FIG. 2 is a flow chart illustrating an air-to-fuel ratio control sensor failure detection routine;

FIG. 3 shows time charts of an output of an air-to-fuel ratio monitor sensor and a count of a time counter while the air-to-fuel ratio monitor sensor is normal;

FIG. 4 shows time charts of the output of an air-to-fuel ratio monitor sensor which experiences deterioration;

FIGS. 5 and 6 are flow charts illustrating an air-to-fuel ratio monitor sensor failure detection routine;

FIG. 7 shows time charts used for a description of air-to-fuel ratio feedback control by a prior art single sensor type of air-to-fuel ratio feedback control system;

FIG. 8 shows time charts used for a description of P-value feedback control by a prior art double sensor type of air-to-fuel ratio feedback control system; and

FIG. 9 shows time charts illustrating an air-to-fuel ratio feedback control factor in the P-value feedback control.

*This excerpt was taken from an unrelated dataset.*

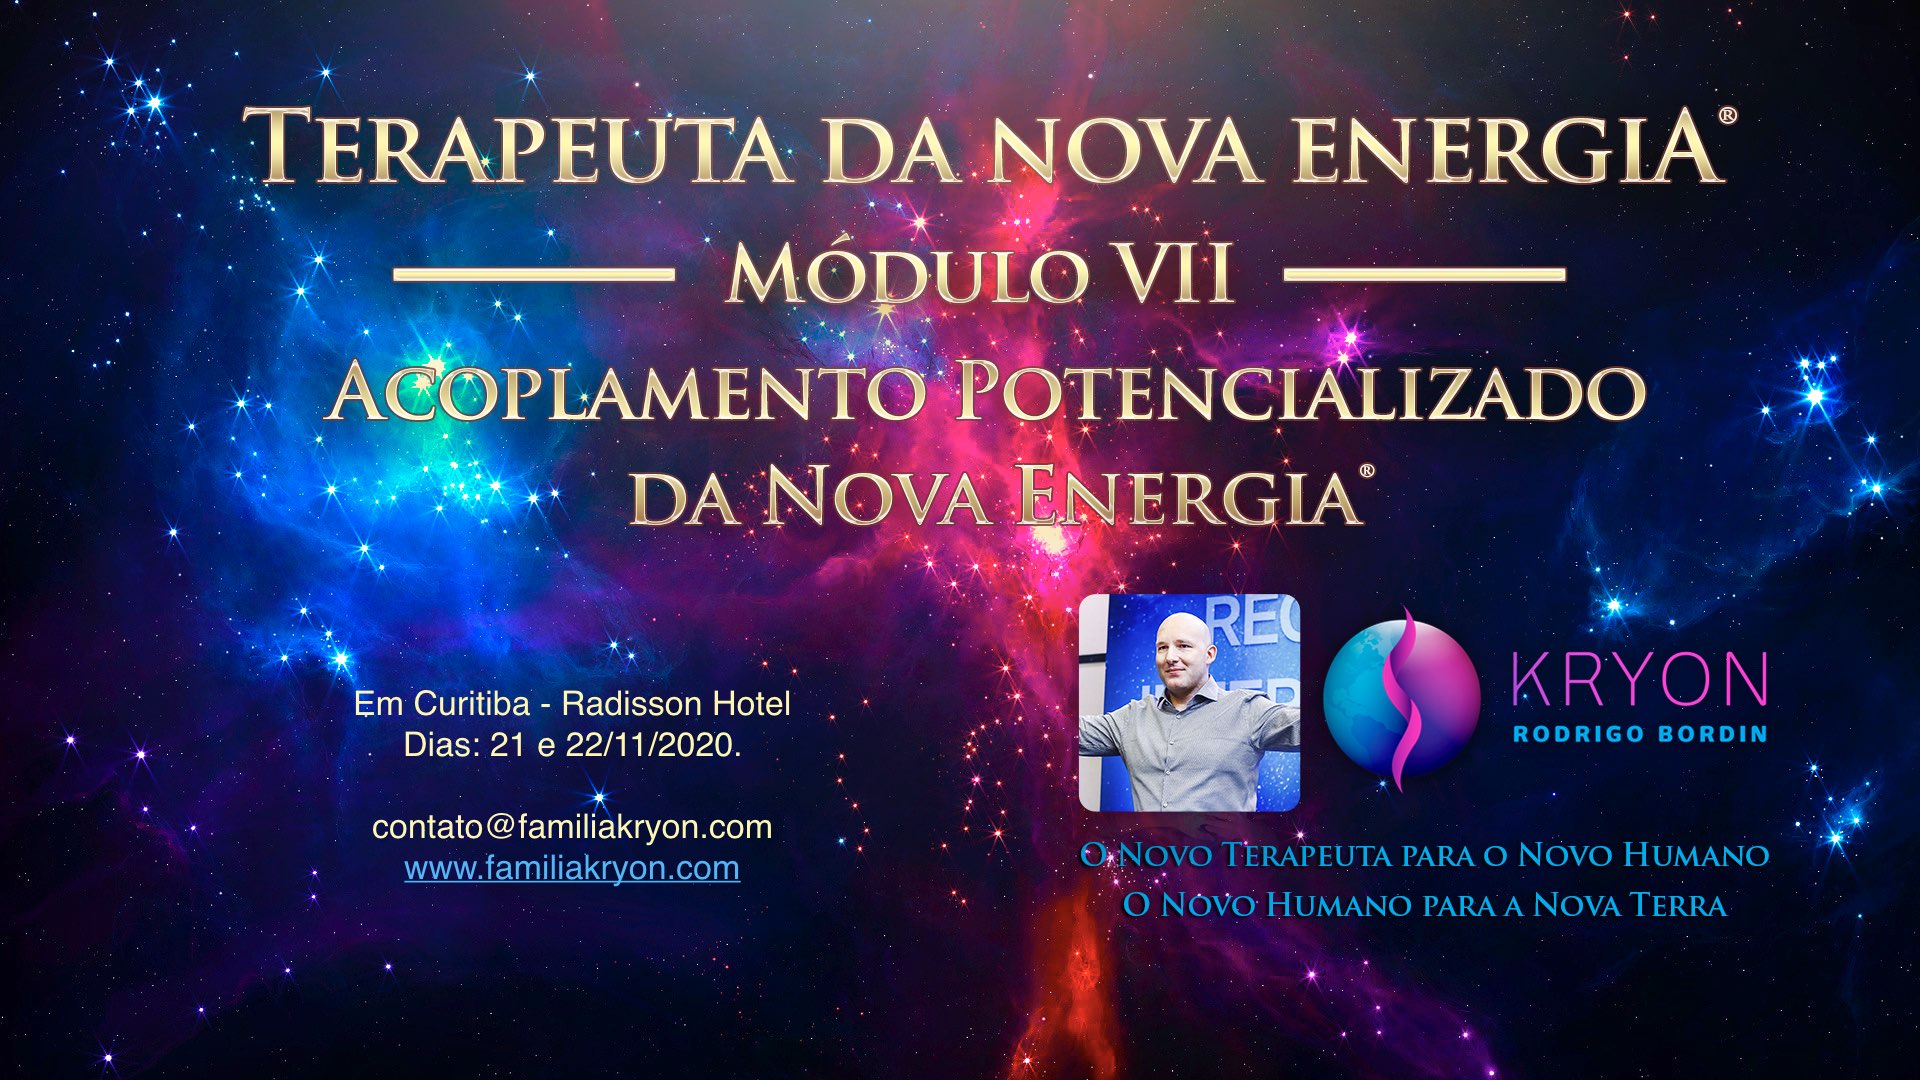 Terapeuta da Nova Energia® - Módulo VII - Acoplamento Potencializado da Nova Energia®

DESCRIPTION OF THE PREFERRED EMBODIMENT

Referring now to the drawings in detail and, in particular, to FIG. 1, an internal combustion engine 1 is equipped with a sensor failure detection system for an air-to-fuel ratio control system of the type having air-to-fuel ratio sensors before and after a catalytic converter. In accordance with a preferred embodiment of the present invention, the engine is provided with an intake pipe 2 and an exhaust pipe 11, and the intake pipe 2 is equipped, in order from an upstream end toward a combustion chamber 9, with an air cleaner 3, a vane type of air-flow sensor 4, a throttle valve 5, a surge tank 6, and a fuel injection valve 7. The intake pipe 2 is further provided with a bypass pipe 14, which branches off from the intake pipe upstream of the throttle valve 5 and joins together with the intake pipe downstream of the throttle valve 5, for allowing intake air to bypass and then flow past the throttle valve 5. This bypass pipe 14 is equipped with a duty solenoid valve 15 for regulating the amount of intake air flowing therethrough. The intake pipe 2 is further equipped with various sensors, such as a temperature sensor 21 immediately after the air cleaner 3 for detecting the temperature of intake air, an opening sensor 22 cooperating with the throttle valve 5 for detecting throttle valve openings, and a pressure sensor 23 for detecting a boost pressure in the surge tank 6. The engine 1 is provided with intake valves 8 and exhaust valves 10 which open and close at an appropriate timing.

The exhaust pipe 11 is equipped, in order from the combustion chamber 9, with a catalytic converter 12, an upstream or air-to-fuel ratio (A/F) control sensor 13A disposed before the catalytic converter 12, and a downstream or air-to-fuel ratio (A/F) monitor sensor 13B disposed after the catalytic converter 12. The engine 1 is further provided with a spark plug 18. The engine 1 cooperates with an engine control unit 20, incorporating a microcomputer, which controls an ignition system so that a distributor 17 distributes a high voltage generated by an ignition coil 16 to the spark plug 18 of a proper cylinder at a correct time and provides an ignition pulse having a pulse width determined based on engine operating conditions. The distributor 17 includes a speed sensor 19 for detecting a speed of, for instance, a rotor or a distributor shaft (not shown), which turns at one-half crankshaft speed, rather than the speed of engine.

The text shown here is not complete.